This absorbing study examines the US infantry against the Chinese Army in the unforgiving terrain of Korea during the first real clash of the Cold War.
In 1945 Korea entered the post-war world already partitioned at the 38th Parallel, the north firmly within the Soviet zone of influence and the south an ally of the United States. In June 1950 the Soviet-equipped North Korean forces struck south. After a series of North Korean successes, a dramatic fightback spearheaded by US landings at Inchon pushed the invaders back across the 38th Parallel, the United Nations forces in hot pursuit. The North Koreans had retreated almost as far as the Yalu River when 300,000 Chinese flooded across the border, driving the UN forces all the way back to Seoul.
Armed and equipped with much the same weaponry and doctrine that they had employed in the last years of World War II, US units in Korea would often find themselves outnumbered, fighting in extremely difficult terrain that precluded the widespread use of armor.
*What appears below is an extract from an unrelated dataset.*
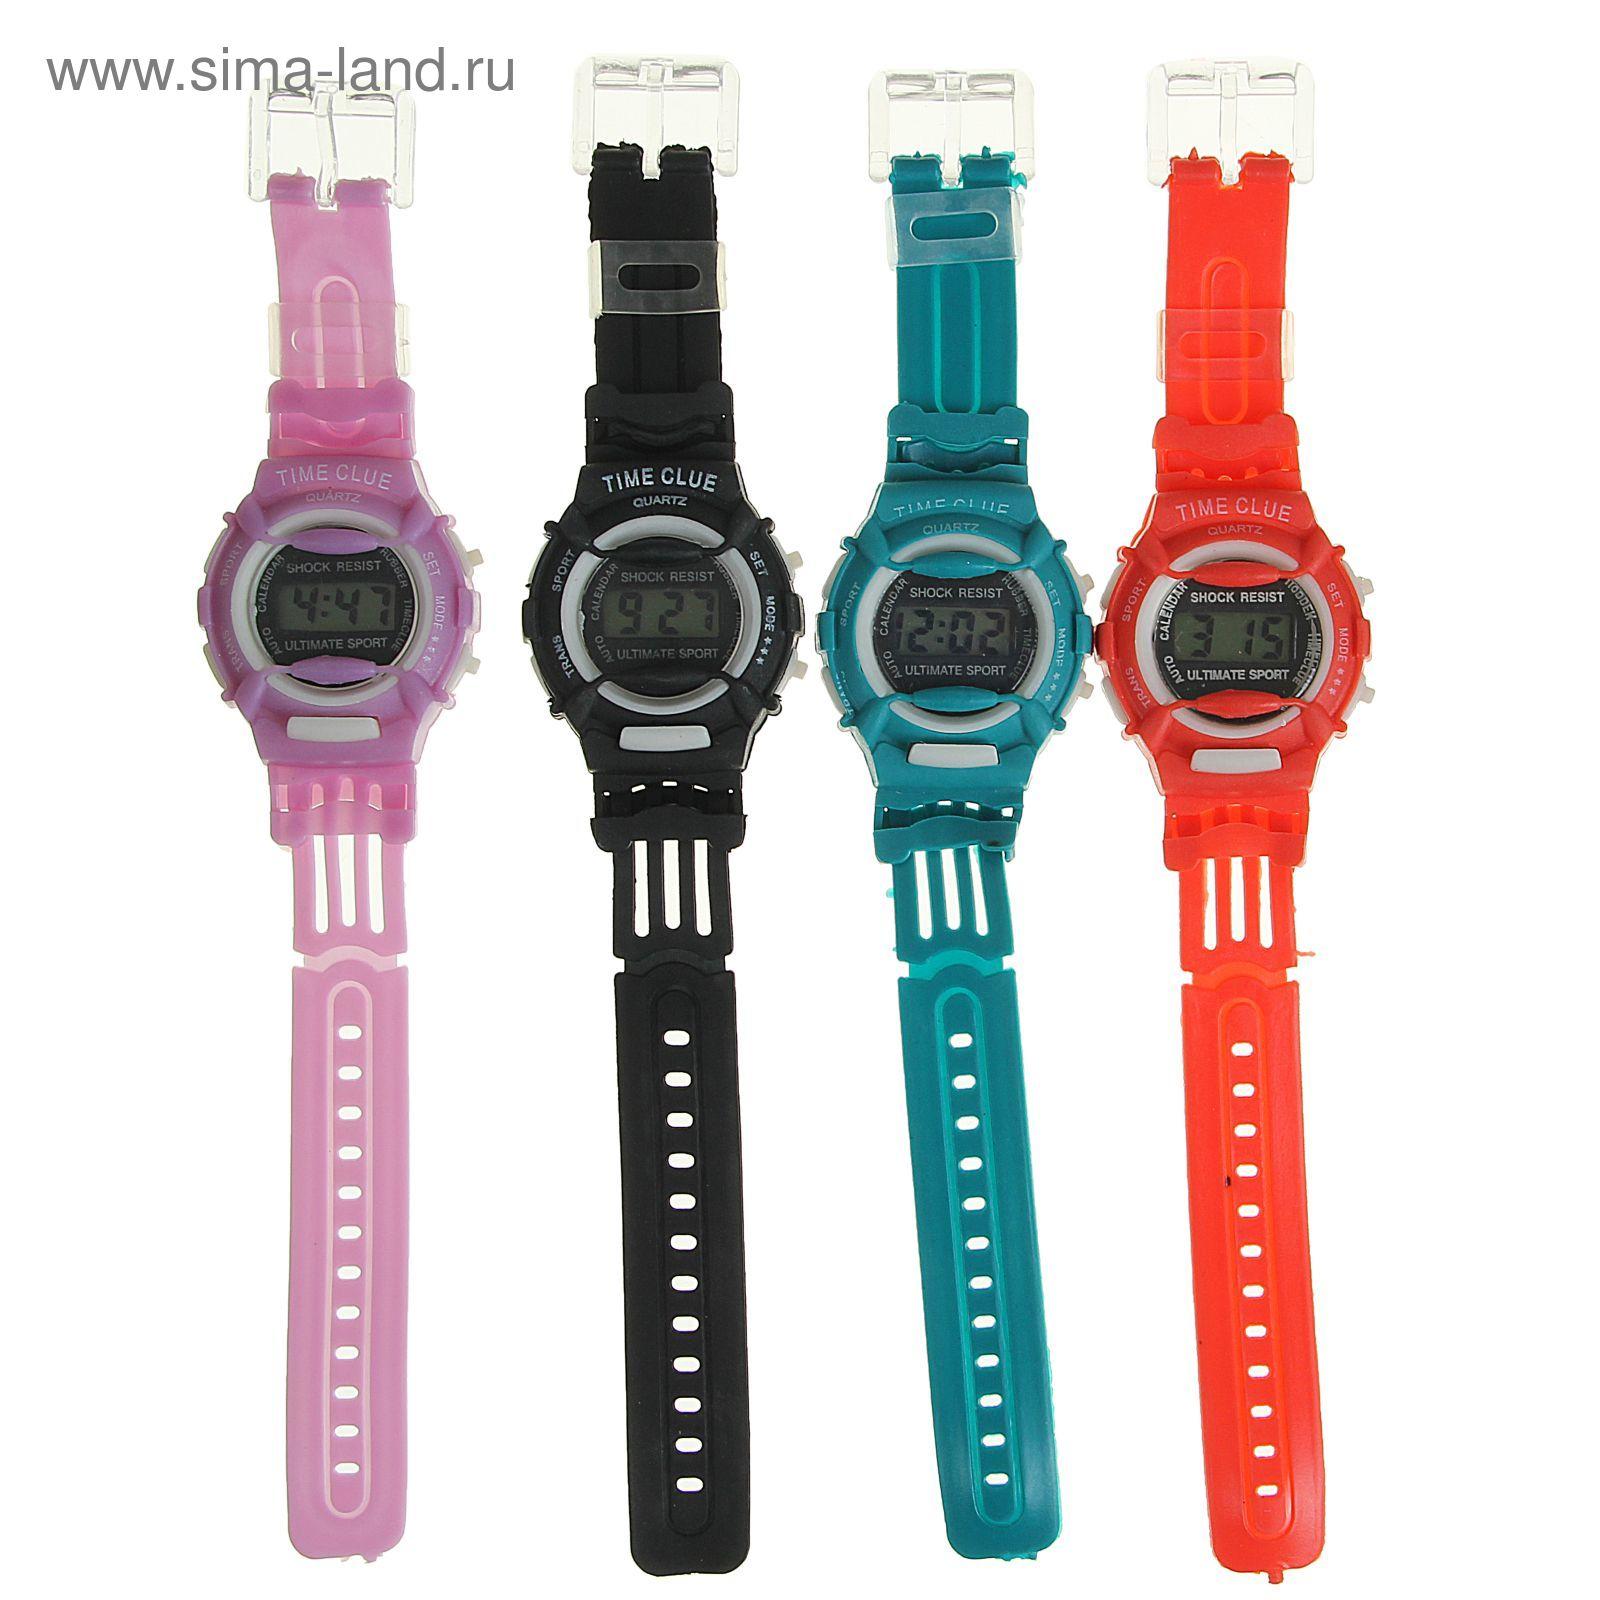 Часы наручные электронные Sports watches, детские, с силиконовым ремешком, микс

Having been at war more or less continuously since 1937, the Chinese would prove to be a formidable foe. Buoyed by success in the recent Chinese Civil War, the Chinese contingent committed to Korea was composed of experienced and dedicated troops, and it would make its mark once more in Korea.
Featuring specially commissioned artwork, this study assesses the US and Chinese forces that clashed at Chipyong-ni (February 13–15, 1951), Triangle Hill (October 14–November 25, 1952), and Pork Chop Hill (July 6–11, 1953), casting light on the origins, doctrine, combat effectiveness, and reputation of these two very different forces during the struggle for victory in Korea.